Tribunal Hearing and Decision Record

  1. The Applicant applied to the Tribunal on 8 September 2014 for a merits review of the Delegate’s decision.

  2. The Applicant appeared before the Tribunal at a hearing on 4 December 2015 to give evidence and present arguments with the assistance of an interpreter in the Bengali and English languages.

  3. By its decision of 6 December 2015 the Tribunal affirmed the Delegate’s decision not to grant to the Applicant a Protection visa. In short, the Tribunal did not find the Applicant to be a credible witness but rather was of the view that he had fabricated his material claims for the purpose of obtaining a Protection visa. It was concerned by a number of inconsistencies in his evidence, his lack of knowledge of the policies of the BNP and his failure to respond to inquiries made of him by the Tribunal at the hearing. The Tribunal did not accept that the Applicant was a supporter or member of the BNP, that he was the Secretary of the Bankra Village branch of the BNP or that he was a suspect in the murder of any member of the AL.

  4. In particular, the Tribunal:-

    a)identified inconsistencies in the Applicant’s evidence in relation to when he started supporting the BNP (see [15] of Decision Record);

    b)found that the Applicant’s credibility was undermined by his lack of knowledge about the BNP. He was unable to accurately recall the principles of the BNP, the procedure to become a member or the party flag (see [16]-[20] of Decision Record);

    c)identified inconsistencies in the Applicant’s evidence in relation to when the Secretary of the AL was killed and when the Applicant became aware that he was a murder suspect himself (see [21] of Decision Record);

    d)identified inconsistencies in the Applicant’s evidence concerning where and how long he was in hiding before departing Bangladesh (see [22]-[25] of Decision Record); and

    e)had concerns regarding late new claims made by the Applicant at the Tribunal hearing, namely that he had been charged with murder and a warrant issued for his arrest (see [26]-[27] of Decision Record). In his Protection visa application and interview with the Delegate he had not mentioned the charge or warrant.

  5. In the result the Tribunal was not satisfied that Australia had protection obligations to him either under s.36(2)(a) or s.36(2)(aa) of the Act and it affirmed the Delegate’s decision not to grant to him a Protection visa.

Grounds of Attack on Tribunal Decision in this Court

  1. The first Ground for review relied upon by the Applicant in his Application was as follows:

    The applicant claims to fear serious harm in Bangladesh on the Conventional grounds of his actual or imputed political opinion in favour of the Bangladesh Nationalist Party. Administrative Appeal Tribunal made a jurisdictional error when it failed to use real test of persecution and harm according to the Migration Act.

  2. The Particulars to Ground 1 essentially claimed that the Tribunal totally ignored the oral and written evidence given by the Applicant in support of his claims and that it misunderstood or misconstrued the evidence given by the Applicant.

  3. Ground 2 was as follows:

    The Tribunal made a jurisdictional error when it discarded all the oral and written submission submitted by the Applicant in support of his claim without giving any solid evidence of cumulative credibility concern in the finding of reasons.
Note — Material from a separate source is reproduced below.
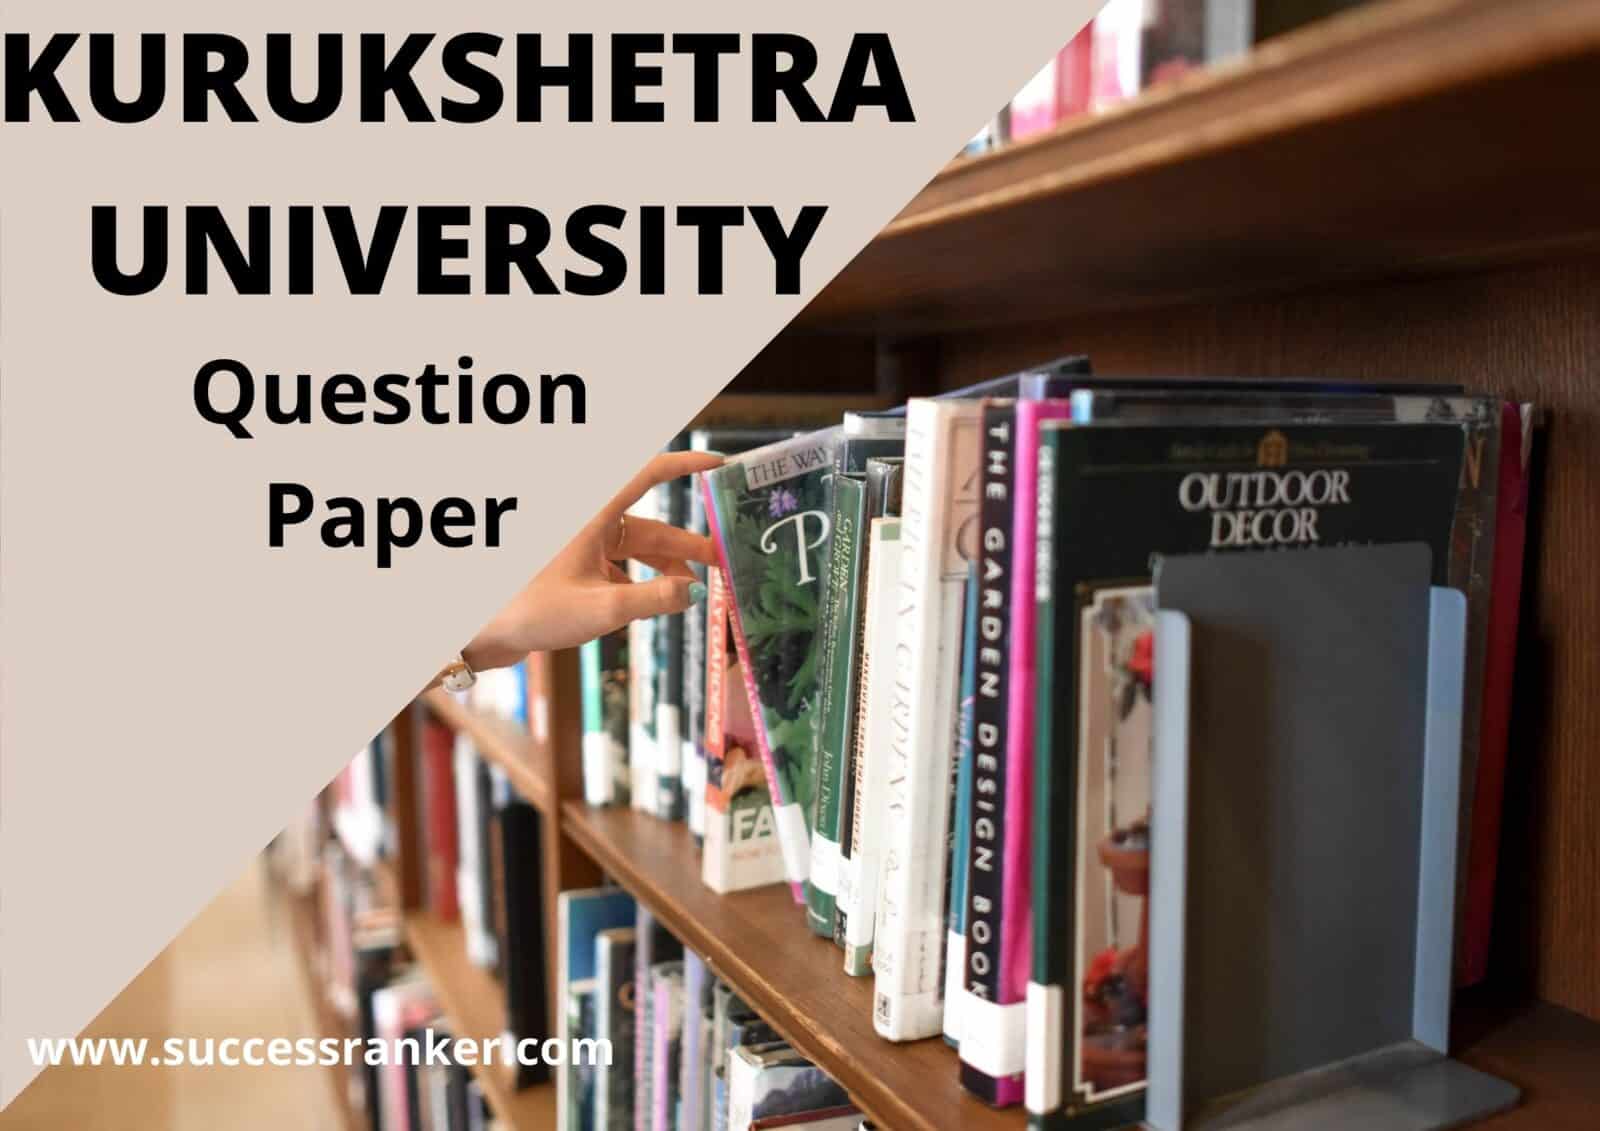 KURUKSHETRA UNIVERSITY Question Paper

The applicant claims he was denied procedural fairness and natural justice.

  4. The Particulars to Ground 2 complained that the interpreter at the Tribunal hearing had not accurately interpreted issues raised by the Tribunal and had not translated accurately. It was claimed in the Particulars that the Tribunal intentionally asked many questions to confuse the Applicant and there was a further complaint that the Applicant was denied procedural fairness because the hearing was not conducted freely and fairly.

  5. Ground 3 was as follows:

    The AAT failed to apply the correct test in relation to the complementary Protection Provision contained in section 36(2)(aa) of the Migration Act 1958. The AAT made a jurisdictional error when it did not follow Rules of Real Risk Test of persecution and harm.

  6. The Particulars to Ground 3 asserted that the Tribunal totally discarded all the facts presented in oral and written evidence and again claimed that the Applicant was denied procedural fairness.

  7. At the hearing the Applicant unfortunately declined to expand upon his three Grounds or make oral submissions in their support.

Consideration

Ground 1

  1. Ground 1 asserts that the Tribunal raised or took into account irrelevant issues for the purpose of discrediting the Applicant and that it also ignored his oral and written evidence in support of his claims.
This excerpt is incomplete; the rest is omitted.